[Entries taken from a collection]
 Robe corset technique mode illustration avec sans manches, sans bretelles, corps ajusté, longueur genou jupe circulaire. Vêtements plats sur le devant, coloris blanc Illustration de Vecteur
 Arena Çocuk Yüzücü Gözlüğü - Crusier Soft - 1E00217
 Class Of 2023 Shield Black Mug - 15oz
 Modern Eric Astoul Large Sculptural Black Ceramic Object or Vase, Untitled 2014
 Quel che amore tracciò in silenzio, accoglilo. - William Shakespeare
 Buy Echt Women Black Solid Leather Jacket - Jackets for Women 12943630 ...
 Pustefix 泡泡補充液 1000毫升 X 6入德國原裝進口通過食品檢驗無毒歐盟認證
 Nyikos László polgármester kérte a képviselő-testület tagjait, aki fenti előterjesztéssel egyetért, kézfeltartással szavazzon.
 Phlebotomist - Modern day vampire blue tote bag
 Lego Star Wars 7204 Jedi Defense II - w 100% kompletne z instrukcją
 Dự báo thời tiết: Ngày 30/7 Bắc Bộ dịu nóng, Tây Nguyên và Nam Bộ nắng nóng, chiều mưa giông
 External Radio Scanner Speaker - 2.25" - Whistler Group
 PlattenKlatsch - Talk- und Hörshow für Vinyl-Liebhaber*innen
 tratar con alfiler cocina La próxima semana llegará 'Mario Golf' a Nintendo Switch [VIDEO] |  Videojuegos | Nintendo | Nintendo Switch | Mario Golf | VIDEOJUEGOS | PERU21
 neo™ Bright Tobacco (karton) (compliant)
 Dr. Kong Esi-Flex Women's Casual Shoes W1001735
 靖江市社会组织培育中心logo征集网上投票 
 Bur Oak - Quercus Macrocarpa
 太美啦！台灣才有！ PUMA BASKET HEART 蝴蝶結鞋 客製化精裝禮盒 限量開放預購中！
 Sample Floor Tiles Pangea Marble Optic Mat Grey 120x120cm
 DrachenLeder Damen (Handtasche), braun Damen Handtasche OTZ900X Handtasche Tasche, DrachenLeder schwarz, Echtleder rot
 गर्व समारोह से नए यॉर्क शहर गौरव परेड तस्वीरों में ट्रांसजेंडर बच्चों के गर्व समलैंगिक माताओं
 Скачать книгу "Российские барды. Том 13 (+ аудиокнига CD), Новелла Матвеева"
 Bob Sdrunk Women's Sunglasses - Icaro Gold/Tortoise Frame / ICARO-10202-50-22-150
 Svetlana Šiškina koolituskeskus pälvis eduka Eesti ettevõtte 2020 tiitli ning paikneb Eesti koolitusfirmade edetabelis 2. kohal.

▶ **WHAT THE TASK REQUIRES**
Would you filter the records and copy out each line containing "Modern"?

▶ **ANSWER TO THIS EXERCISE**
 Modern Eric Astoul Large Sculptural Black Ceramic Object or Vase, Untitled 2014
 Phlebotomist - Modern day vampire blue tote bag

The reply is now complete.